Sea lampreys are parasites native to the northern and western Atlantic Oceans that suck blood and other vital fluids from their fellow fish. They have the distinction of being possibly the first destructive invasive species in North America; they entered the Great Lakes through the Welland Canal in the 1830s and have been killing trout there ever since.
They also have the distinction of splitting off from the rest of the vertebrate lineage very early, about 550 million years ago, before the evolution of the jaws. This makes lampreys useful as a model organism to shed light on the evolution of various vertebrate traits. But our studies have also revealed some strange features of lampreys, including the fact that they lose hundreds of genes early in development.
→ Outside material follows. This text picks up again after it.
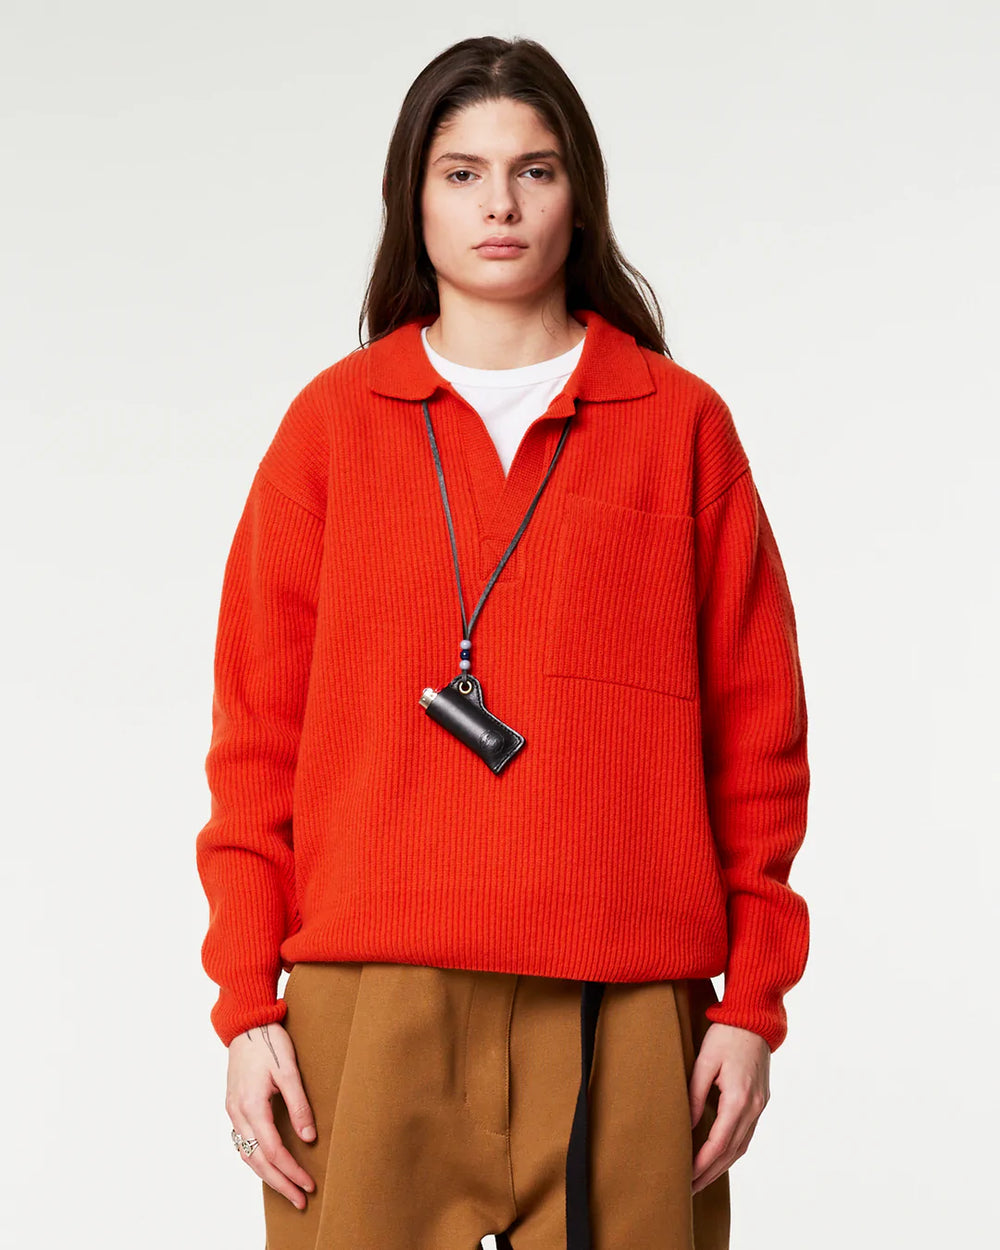 Rugby Sweater - Wool - Orange

Sea lampreys have several traits that other (jawed) vertebrates do not, suggesting that these traits were either (a) present in our last shared ancestor and lost by us, or (b) arose since lampreys diverged from the lineage of vertebrate jaws. One of these features is a real quirk: programmed genome rearrangement. During this process, sea lampreys shed about 20 percent of their genome during embryonic development. A few cells do not undergo this process and they pass on the otherwise missing DNA to another generation.
When this genome rearrangement was discovered in 2009, scientists speculated that the deleted genetic sequences must be important to germ cells and/or early in embryonic development, but harmful to more mature cells. But sea lampreys have a highly repetitive genome, consisting of 99 chromosome pairs in the germline, so sequence data confirming this speculation has been difficult to generate. The post-deletion genome was completed in 2013, but the full germline genome took until this week to complete.
Comparing the two genomes revealed that hundreds of genes are eliminated in programmed genome rearrangement. The human versions of these genes are involved in processes such as cell division, migration and adhesion, as well as dedication to a specialized state. These are biological functions that are in fact vital during embryogenesis, but are very problematic for somatic cells, where they can promote aggressive cancers.
In addition, the mouse versions of these genes are turned off in embryonic stem cells and are presumably later released from this silencing when these cells eventually differentiate into germline cells. So all vertebrates must somehow deactivate these growth-promoting genes when they mature from an early embryonic state.
Sea lampreys do this by physically eliminating the genes, while mice (and probably humans) do this by silencing them. There can be pros and cons to both approaches, so the topic is worth looking into further. And it would be interesting to find out how jabs target specific genes for deletion, as that could be a useful tool to have in our genetic arsenal.
Natural Genetics2018. DOI: 10.1038/s41588-017-0036-1 (About DOIs).